Only the pictures should be left out; repeat the rest of the data exactly.

[Supplied information]
◇ ◇ ◇

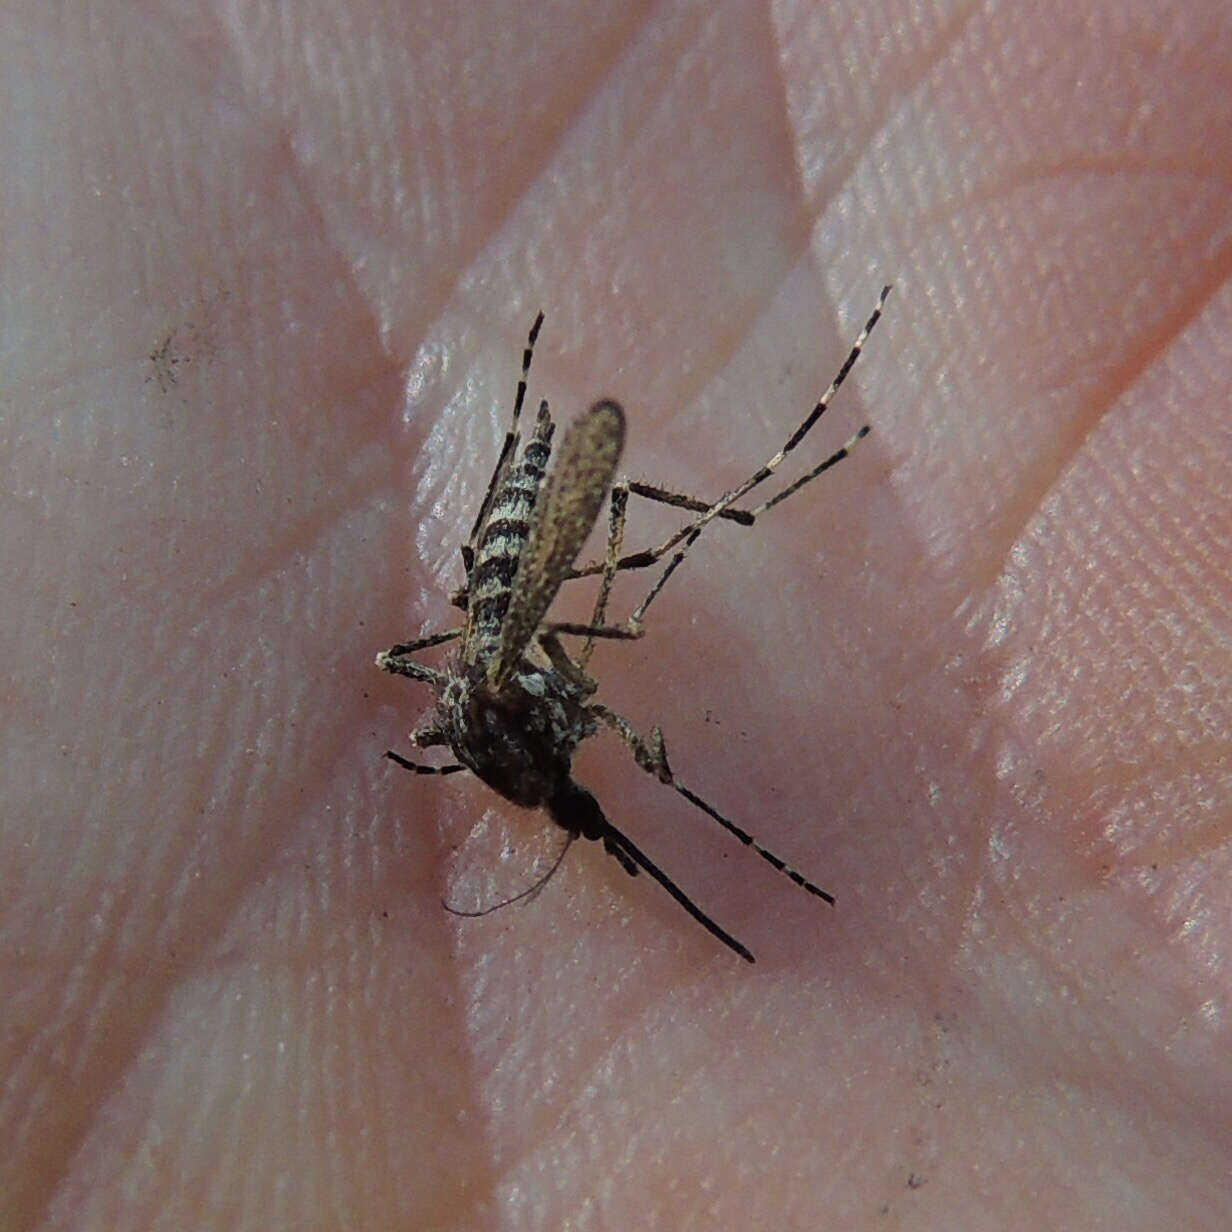 Image of Aedes grossbecki Dyar & Knab 1906
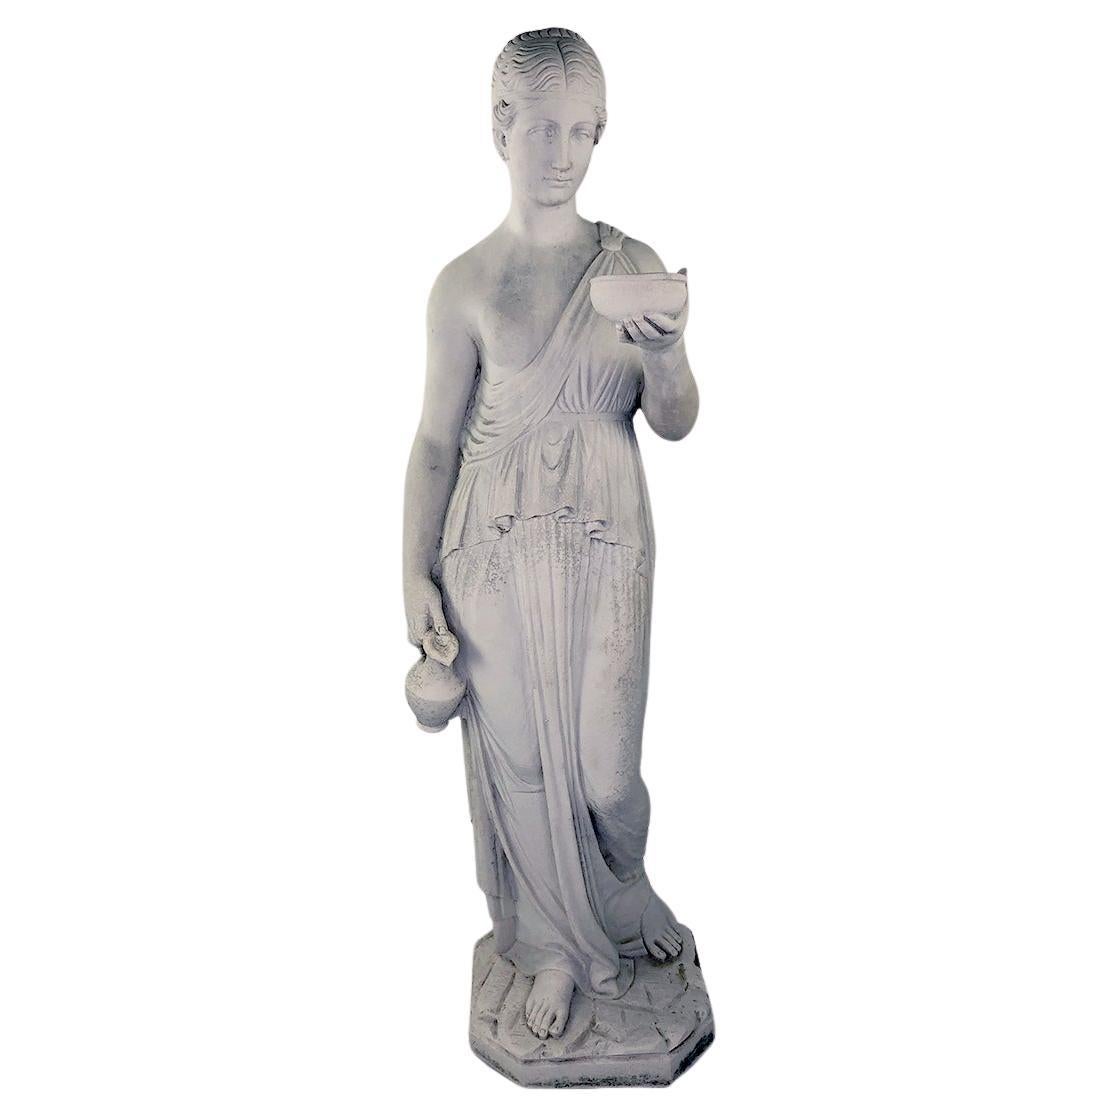 Reproduction vintage d'une statue antique de style Greco-Romain
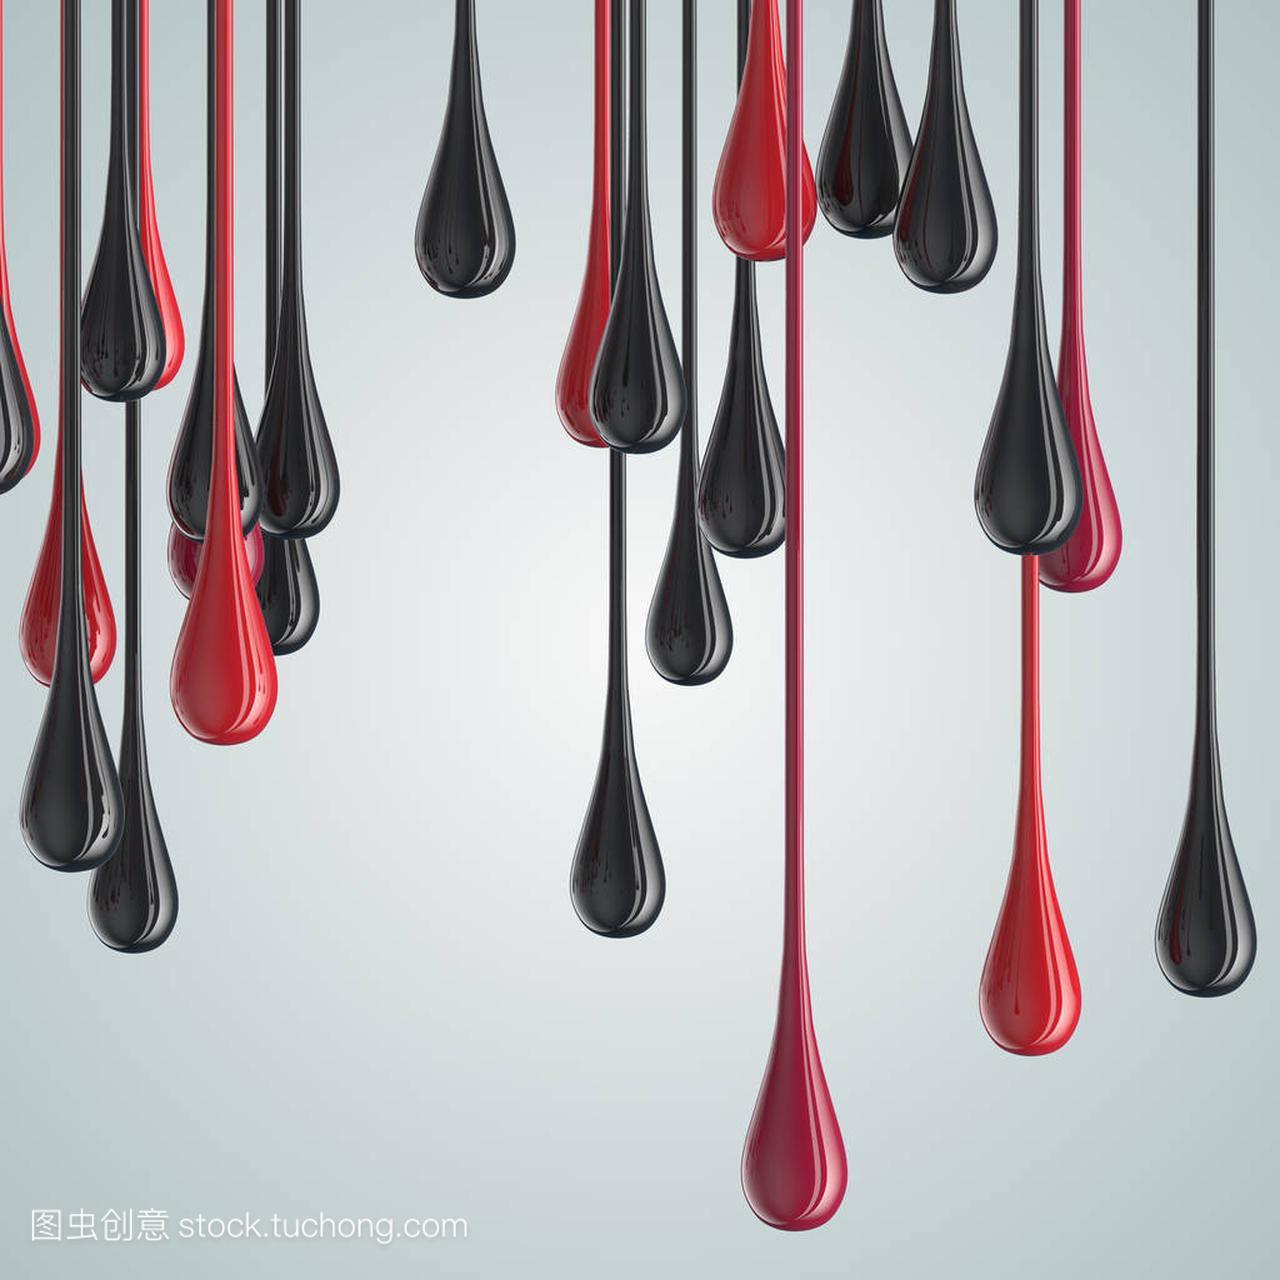 3d 的红色和黑色光滑的油漆滴 blob

◇ ◇ ◇

[Result below]
 Image of Aedes grossbecki Dyar & Knab 1906
 Reproduction vintage d'une statue antique de style Greco-Romain
 3d 的红色和黑色光滑的油漆滴 blob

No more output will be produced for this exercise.